Contrebande: Le Tchad écoule plus de 35 milliards de F de bétail

Un chiffre en forte progression qui confirme la domination de ce pays frontalier sur ce segment du commerce transfrontalier non enregistré.

35,69 milliards de FCFA. C’est le montant des exportations informelles de bétail en provenance du Tchad vers le Cameroun en 2024. Un chiffre en forte progression (+20,3 % en glissement annuel) qui confirme la domination de ce pays frontalier sur ce segment du commerce transfrontalier non enregistré.

Selon le rapport 2024 de l’Institut national de la statistique (INS), publié récemment, ces exportations, bien qu’illégales, ont représenté à elles seules 49,8 % des échanges informels entre les deux pays sur la période considérée. Le bétail devient ainsi le moteur de cette relation commerciale non régulée, facilitée par la perméabilité des frontières, notamment dans la région de l’Extrême-Nord, principal couloir d’entrée du bétail tchadien.

Cette performance permet au Tchad de se hisser au rang de deuxième fournisseur informel du Cameroun, derrière le Nigeria. Le pays totalise 27 % des importations informelles enregistrées en 2024, soit une valeur absolue de 71,7 milliards de FCFA, en progression de 15,1 % sur un an. Une remontée notable après la baisse enregistrée en 2023, souligne le rapport de l’INS.

Cette tendance ascendante continue de creuser un manque à gagner important pour les caisses de l’État, qui perd ainsi d’importantes recettes fiscales et douanières. La répartition géographique des flux montre que l’Extrême-Nord concentre 49,4 % de ces importations informelles, devant la région du Nord (20,8 %). Dans ces zones, des réseaux bien établis alimentent un commerce parallèle dynamique, malgré les risques sécuritaires, notamment la menace persistante du groupe Boko Haram.

Les carburants et lubrifiants restent les produits les plus échangés sur ce circuit parallèle, représentant 22,1 % des flux. Ils sont suivis de près par les animaux vivants, qui pèsent 14,6 % du volume total. Le reste est composé de produits manufacturés divers, allant des denrées alimentaires aux pièces détachées.

L’INS note cependant des baisses significatives dans certaines régions. Les importations informelles ont chuté de 38,7 % dans la région du Sud-Ouest, en raison de l’intensification de la crise sociopolitique anglophone qui entrave les circuits logistiques.
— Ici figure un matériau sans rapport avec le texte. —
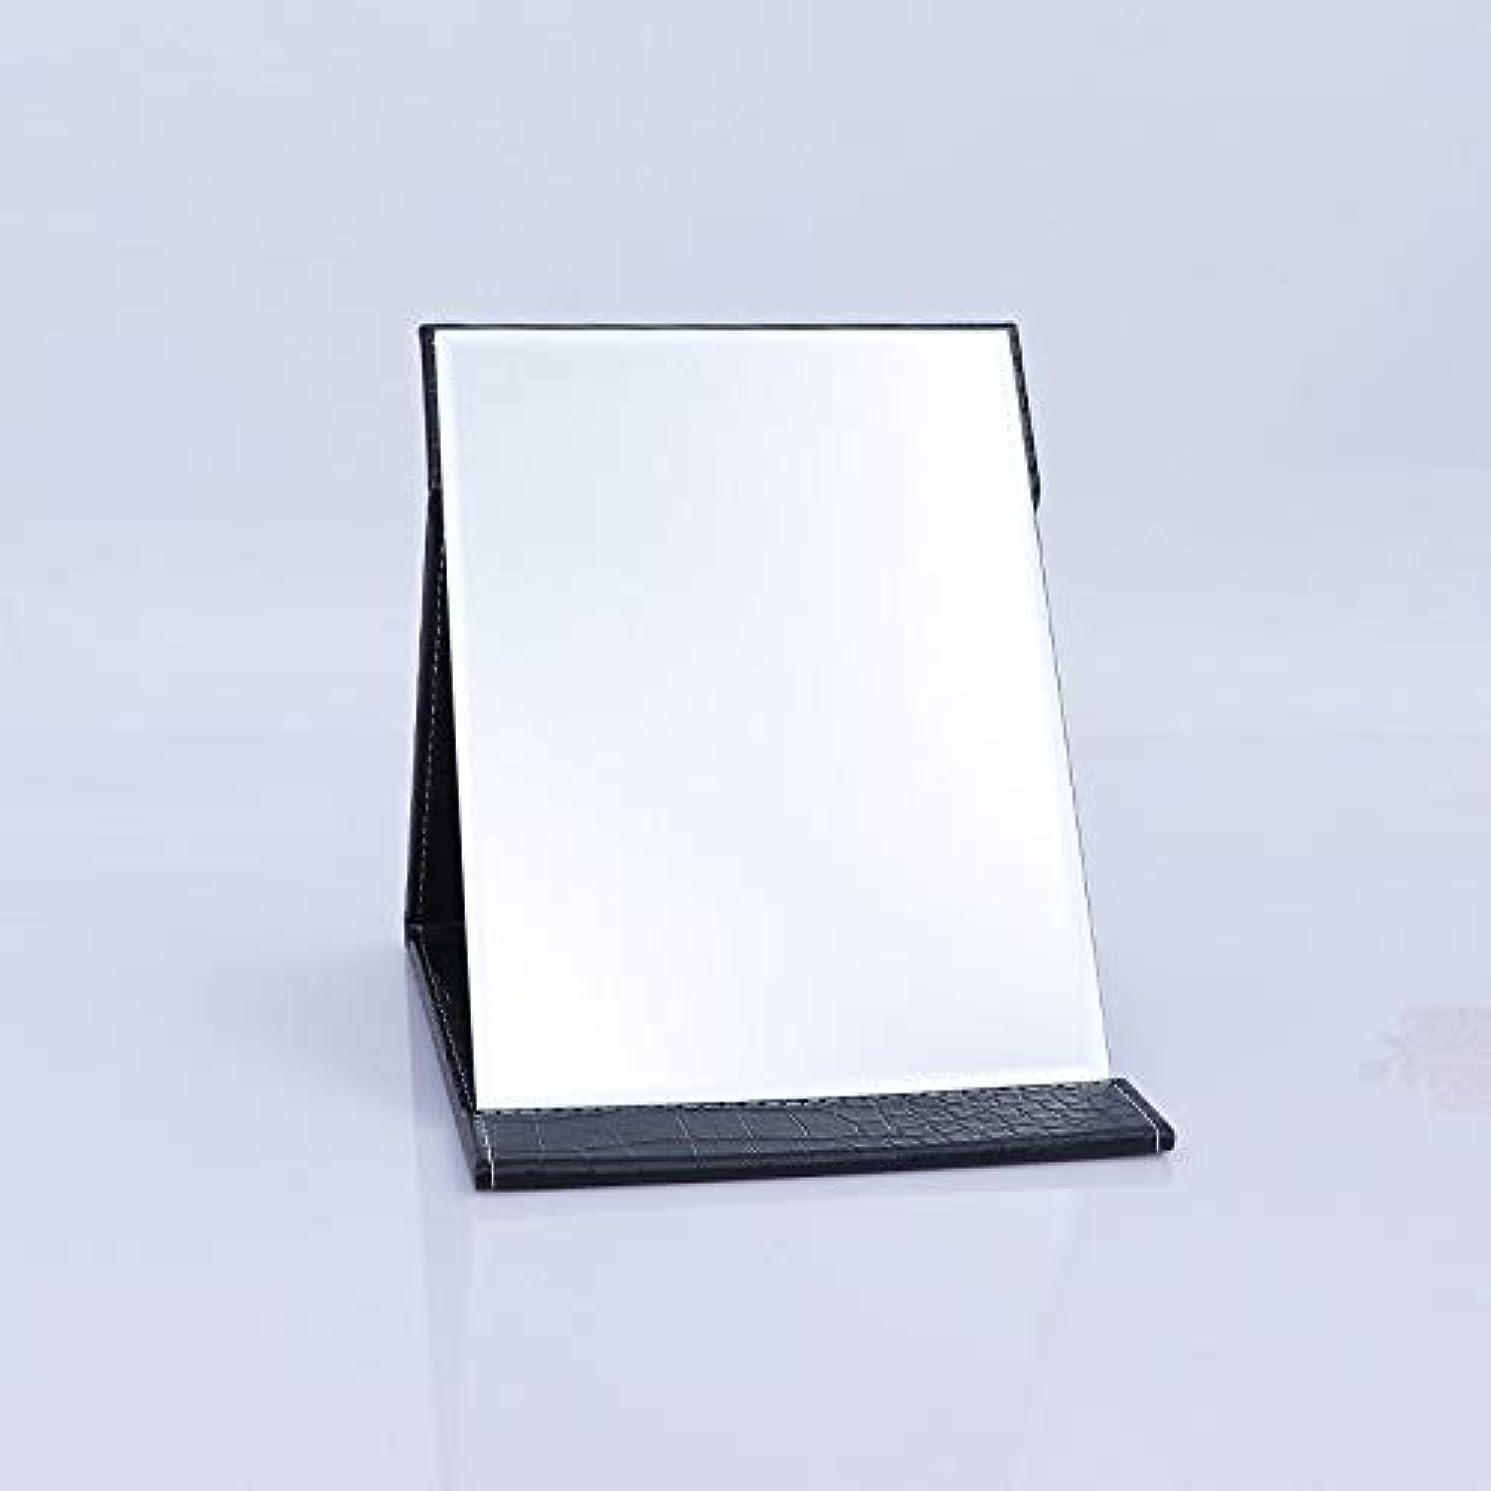 Takelablaze 化粧鏡 折立ミラー 卓上スタンドミラー 折りたたみミラー PUレザー ブラック

L’Adamaoua et l’Est enregistrent également des replis respectifs de 17,5 % et 3,3 %, en grande partie à cause de la dégradation des routes, des difficultés d’accès et de la présence de groupes armés.

Autre facteur non négligeable : l’absence de contrôle rigoureux aux frontières, tant du point de vue douanier que vétérinaire. Cette faiblesse institutionnelle contribue à entretenir ce commerce parallèle, qui échappe à toute forme de traçabilité sanitaire ou fiscale.

Pour l’heure, les autorités camerounaises peinent à endiguer le phénomène. Les mesures de sécurisation des frontières et de renforcement des contrôles peinent à produire des résultats tangibles face à l’enracinement des pratiques informelles dans certaines communautés locales qui en tirent aussi des revenus de subsistance.